PROBLEM: Every line containing "Winter" should be copied out. Go through the entries and find them.

Stored data entries:
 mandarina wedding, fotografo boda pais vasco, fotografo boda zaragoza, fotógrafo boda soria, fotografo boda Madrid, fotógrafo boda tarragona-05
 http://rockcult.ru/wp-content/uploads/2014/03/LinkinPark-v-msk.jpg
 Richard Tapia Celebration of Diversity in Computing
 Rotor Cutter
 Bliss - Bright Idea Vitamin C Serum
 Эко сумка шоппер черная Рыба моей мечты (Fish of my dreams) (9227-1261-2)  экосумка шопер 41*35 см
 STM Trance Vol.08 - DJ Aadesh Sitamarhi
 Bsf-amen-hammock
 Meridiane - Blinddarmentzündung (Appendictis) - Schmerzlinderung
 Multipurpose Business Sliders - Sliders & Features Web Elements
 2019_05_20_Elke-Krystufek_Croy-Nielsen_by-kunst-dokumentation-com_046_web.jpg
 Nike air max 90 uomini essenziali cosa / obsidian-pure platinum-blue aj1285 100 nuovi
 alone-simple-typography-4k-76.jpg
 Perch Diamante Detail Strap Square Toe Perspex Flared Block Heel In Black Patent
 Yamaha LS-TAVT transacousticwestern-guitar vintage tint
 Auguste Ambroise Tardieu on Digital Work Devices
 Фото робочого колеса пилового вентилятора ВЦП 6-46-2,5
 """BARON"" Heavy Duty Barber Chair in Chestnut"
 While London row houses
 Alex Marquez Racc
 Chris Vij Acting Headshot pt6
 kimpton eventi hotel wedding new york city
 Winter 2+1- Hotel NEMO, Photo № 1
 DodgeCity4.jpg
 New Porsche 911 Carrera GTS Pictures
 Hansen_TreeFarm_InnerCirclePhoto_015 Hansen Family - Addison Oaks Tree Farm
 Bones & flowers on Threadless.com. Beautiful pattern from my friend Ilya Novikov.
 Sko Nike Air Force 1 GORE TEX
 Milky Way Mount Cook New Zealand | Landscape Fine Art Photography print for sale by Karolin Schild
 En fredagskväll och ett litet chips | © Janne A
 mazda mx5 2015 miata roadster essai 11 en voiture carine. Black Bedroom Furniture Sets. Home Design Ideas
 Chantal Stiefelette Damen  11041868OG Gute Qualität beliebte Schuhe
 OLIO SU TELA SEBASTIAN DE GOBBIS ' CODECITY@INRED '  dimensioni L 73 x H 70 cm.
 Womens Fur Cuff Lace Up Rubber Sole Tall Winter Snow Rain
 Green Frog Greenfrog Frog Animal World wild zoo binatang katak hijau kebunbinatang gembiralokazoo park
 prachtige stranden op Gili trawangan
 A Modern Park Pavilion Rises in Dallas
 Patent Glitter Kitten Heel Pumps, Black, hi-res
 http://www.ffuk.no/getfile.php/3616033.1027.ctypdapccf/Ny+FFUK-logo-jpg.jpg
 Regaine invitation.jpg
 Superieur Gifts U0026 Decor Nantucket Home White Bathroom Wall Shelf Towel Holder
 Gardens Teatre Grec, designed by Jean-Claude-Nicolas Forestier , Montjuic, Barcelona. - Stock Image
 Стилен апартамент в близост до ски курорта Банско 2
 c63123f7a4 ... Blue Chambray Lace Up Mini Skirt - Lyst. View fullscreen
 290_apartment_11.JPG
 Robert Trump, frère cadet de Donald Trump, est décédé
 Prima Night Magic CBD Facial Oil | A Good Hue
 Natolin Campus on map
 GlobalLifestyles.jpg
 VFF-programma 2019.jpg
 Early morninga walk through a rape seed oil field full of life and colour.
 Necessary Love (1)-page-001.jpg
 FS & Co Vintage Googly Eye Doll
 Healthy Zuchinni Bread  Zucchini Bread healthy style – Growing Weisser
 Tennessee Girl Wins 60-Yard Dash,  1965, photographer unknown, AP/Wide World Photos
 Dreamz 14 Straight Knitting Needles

RESULT FOR THIS TASK:
 Winter 2+1- Hotel NEMO, Photo № 1
 Womens Fur Cuff Lace Up Rubber Sole Tall Winter Snow Rain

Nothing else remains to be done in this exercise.